Joao_gilberto-joao_voz_e_violao_span3
September 2000

Joao Gilberto
Joao Voz e Violao
Verve

Joao Gilberto's first collection in nearly a decade lasts only half an hour, but it has more value than bins full of 74-minute CDs. His mastery of samba and song is a modern equivalent of German Lieder performance at its highest level with an extraordinary difference: Gilberto combines the roles of singer and accompanist.
Antonio Carlos Jobim, who largely shaped bossa nova, praised Gilberto for the rhythmic strength he gave the form and said, "He was pulling the guitar in one way, and singing the other way. It created a third thing that was profound." No other performer, neither Jobim nor Caetano Veloso nor any other Brazilian master of bossa nova, has approached Gilberto's profundity and subtlety. He is the world's quietest great singer-in fact, the CD sound leans towards low frequencies and I found it helpful to manipulate the treble and bass controls for increased clarity. On this album he is in his ideal setting, accompanied only by the insistent, ingenious chording of his guitar. The glorious rhythmic tension that Jobim identified, the irresistible swing growing out of the contrast between the quiet singing and the soft urgency of the guitar, characterizes even the slowest pieces. Gilberto's harmonies emphasize the meaning of the lyrics with the clarity of an etching. The chromatic chords in "Eu Vim da Bahia" are a perfect example, underlining the singer's longing for home even as the words express joyful memories.

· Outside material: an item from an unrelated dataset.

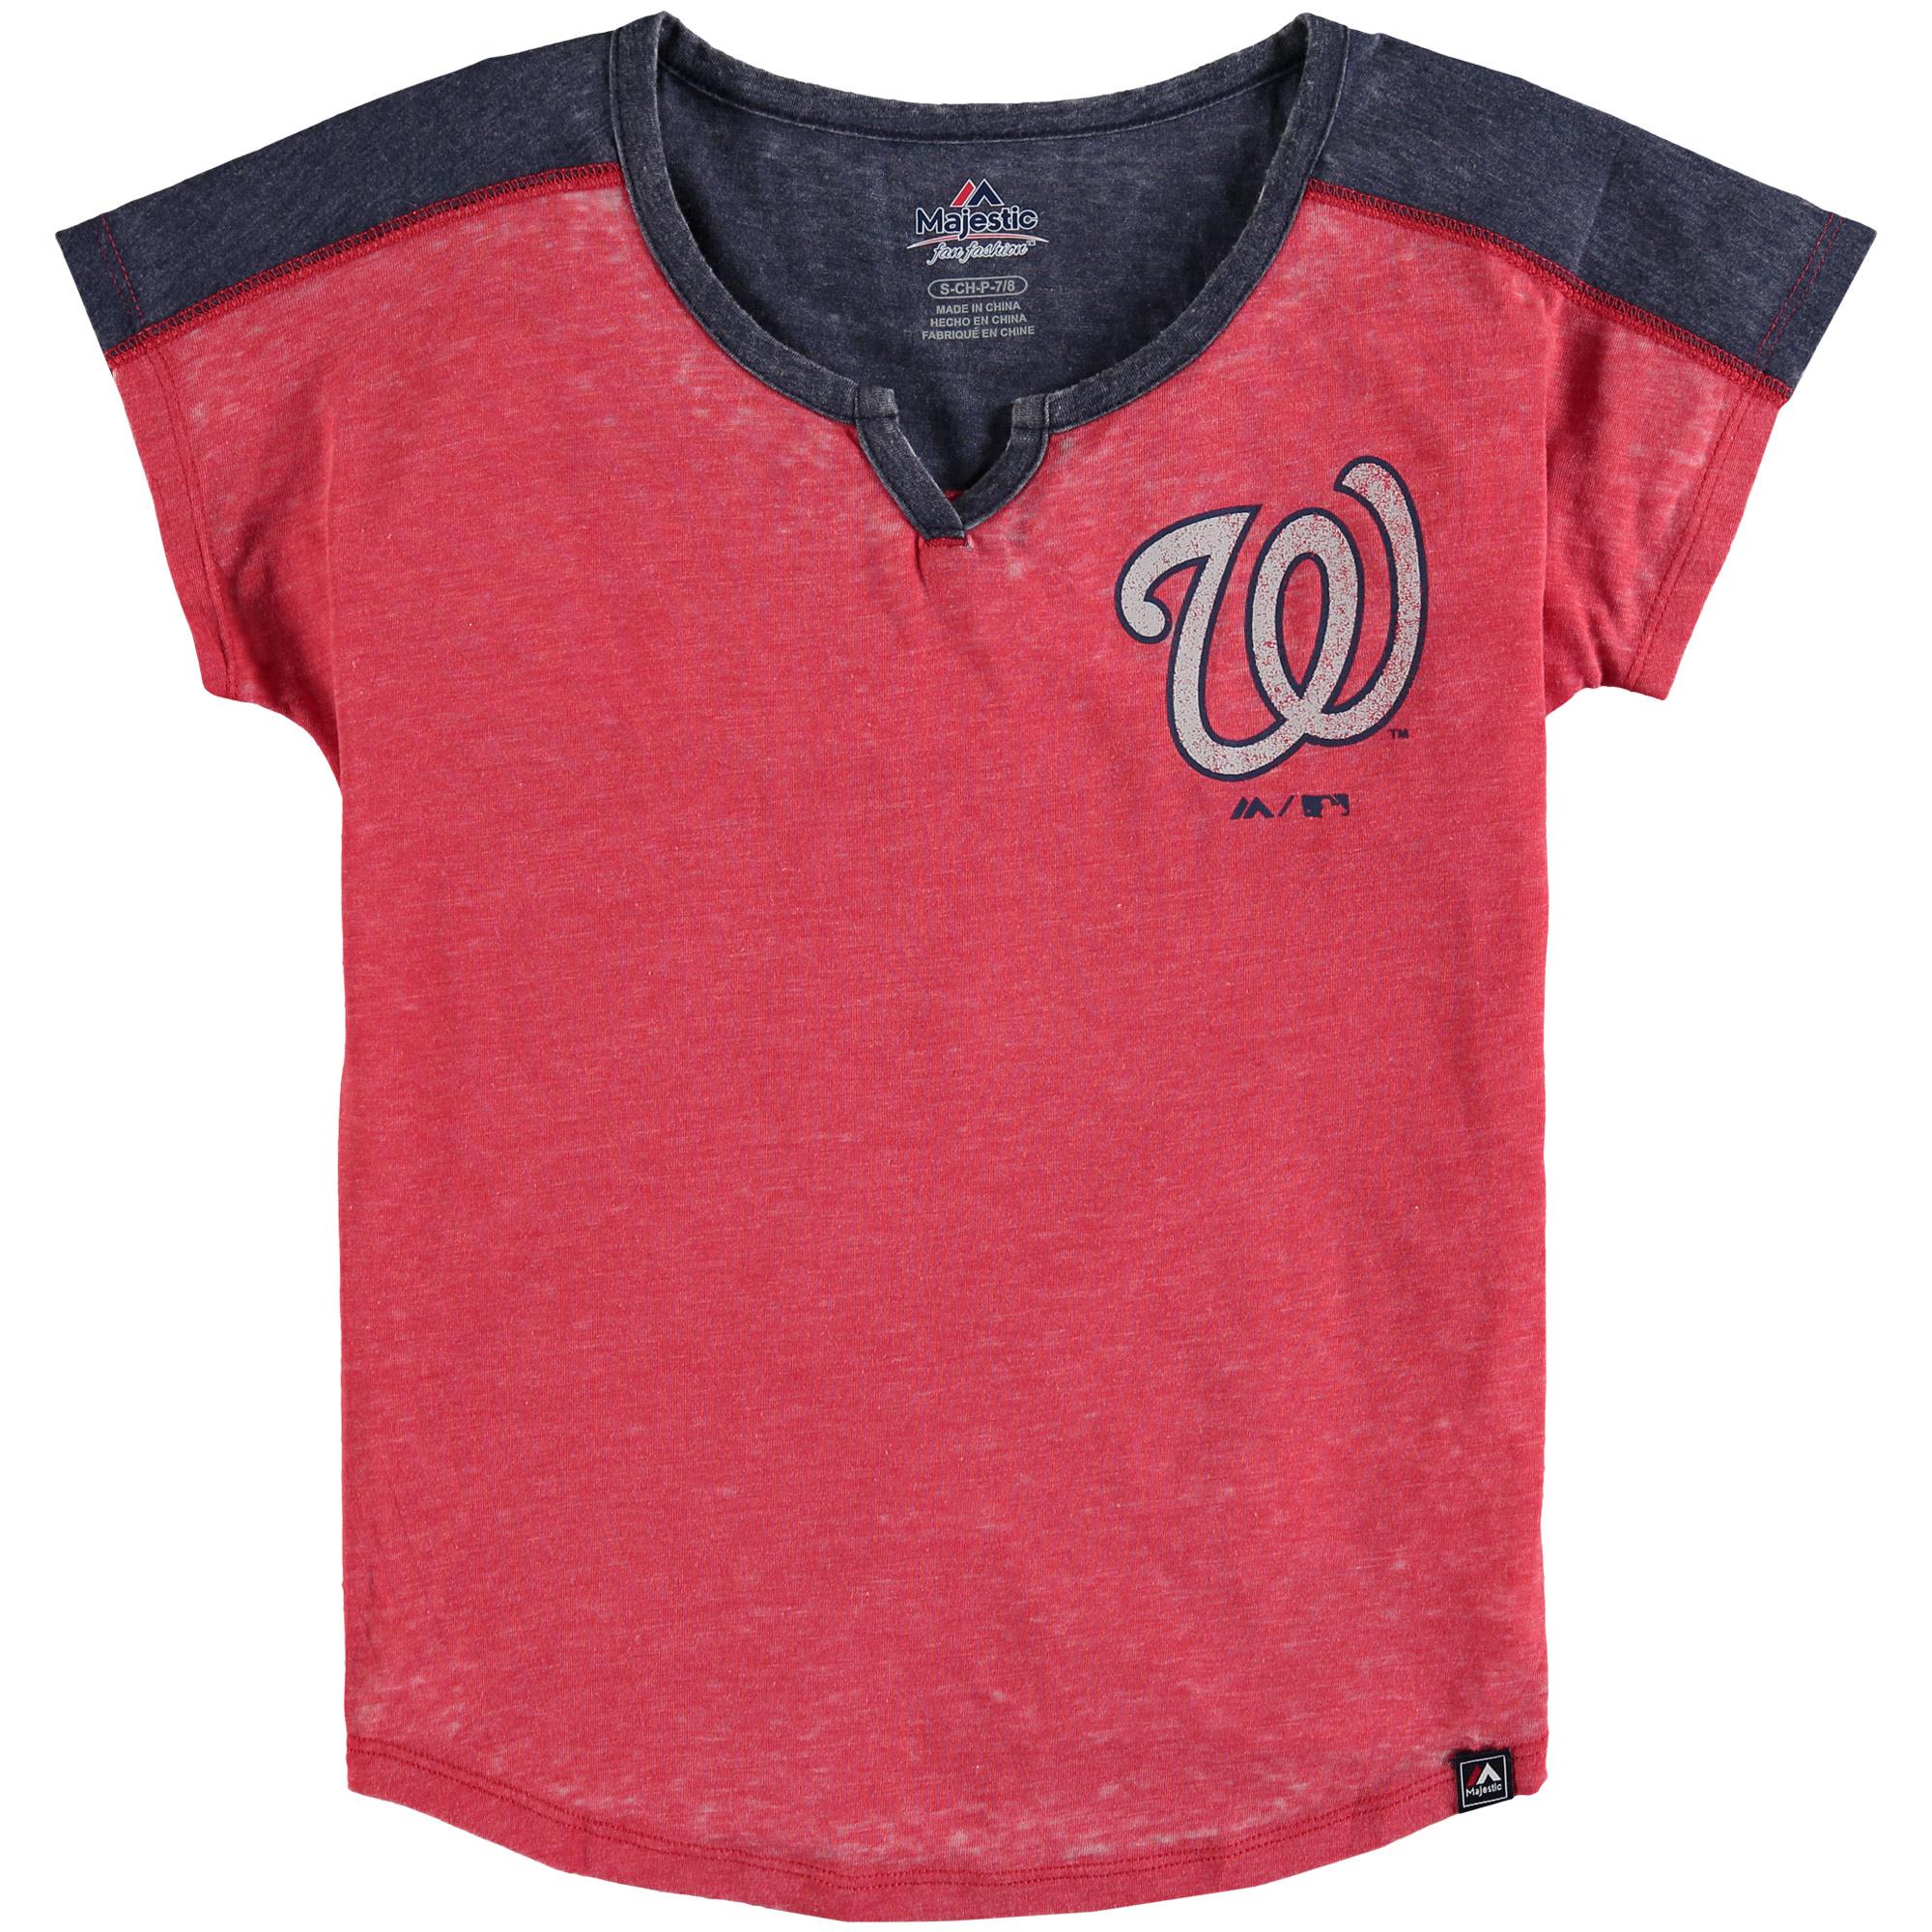 Washington Nationals Majestic Girls Youth Ballpark Best Color Block Dolman Sleeve T-Shirt - Red/Navy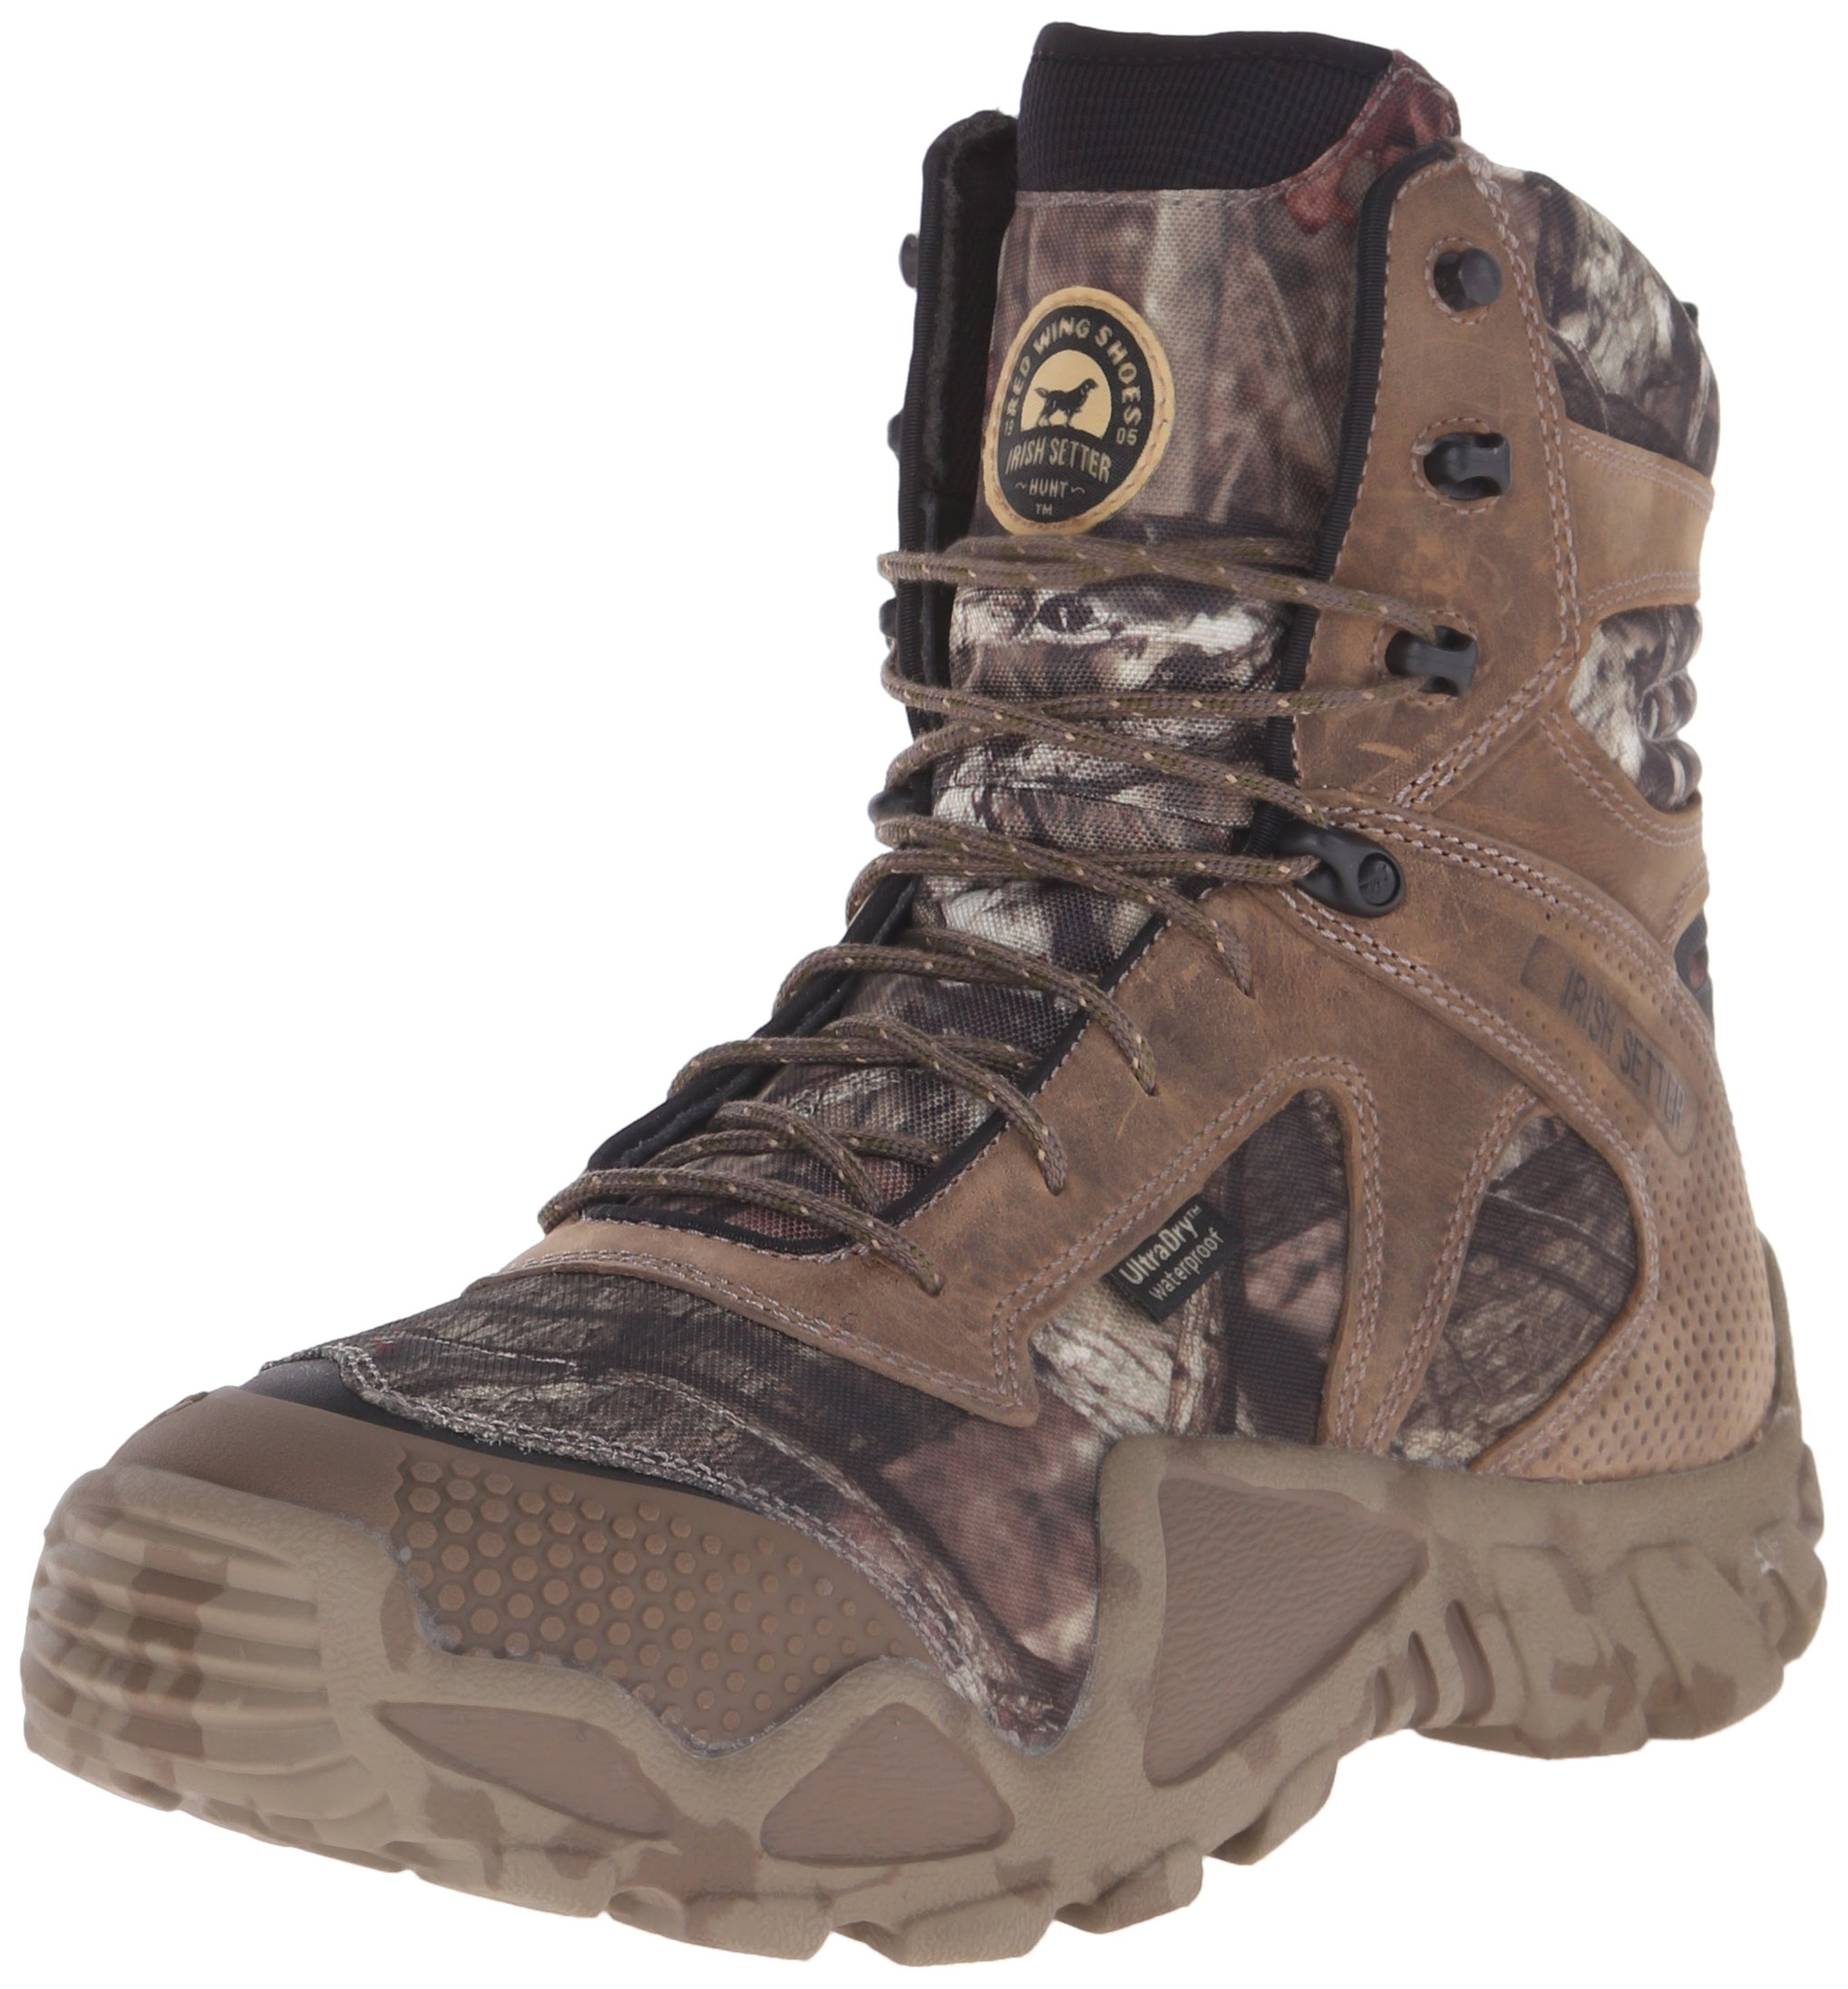 Irish Setter Men's 2868 Vaprtrek Waterproof 8'' Hunting Boot, Mossy Oak Break Up Infinity Camouflage,9.5 EE US by Irish Setter (Image #1)

Gilberto revisits "Desafinado," "Eclipse" and "Chega de Saudade," the song that, along with "Bim Bom," made him and Jobim famous in Brazil in the '50s and ignited the sweeping popularity of bossa nova. Seven less familiar pieces include Jobim's heartbreaking "Voce Vai Ver (You Will See)," two songs by Veloso, and Almeida and Roberti's "Nao Vou pra Casa (Not Coming Home)," in which Gilberto pulls off rhythmic displacements it is hard to imagine any other musician negotiating with such ease.
Long ago, Miles Davis said of Gilberto, "He could read a newspaper and make it sound good." As he approaches his 70s, Gilberto does not have to resort to the day's news for material, but if he ever does, he'll make it swing.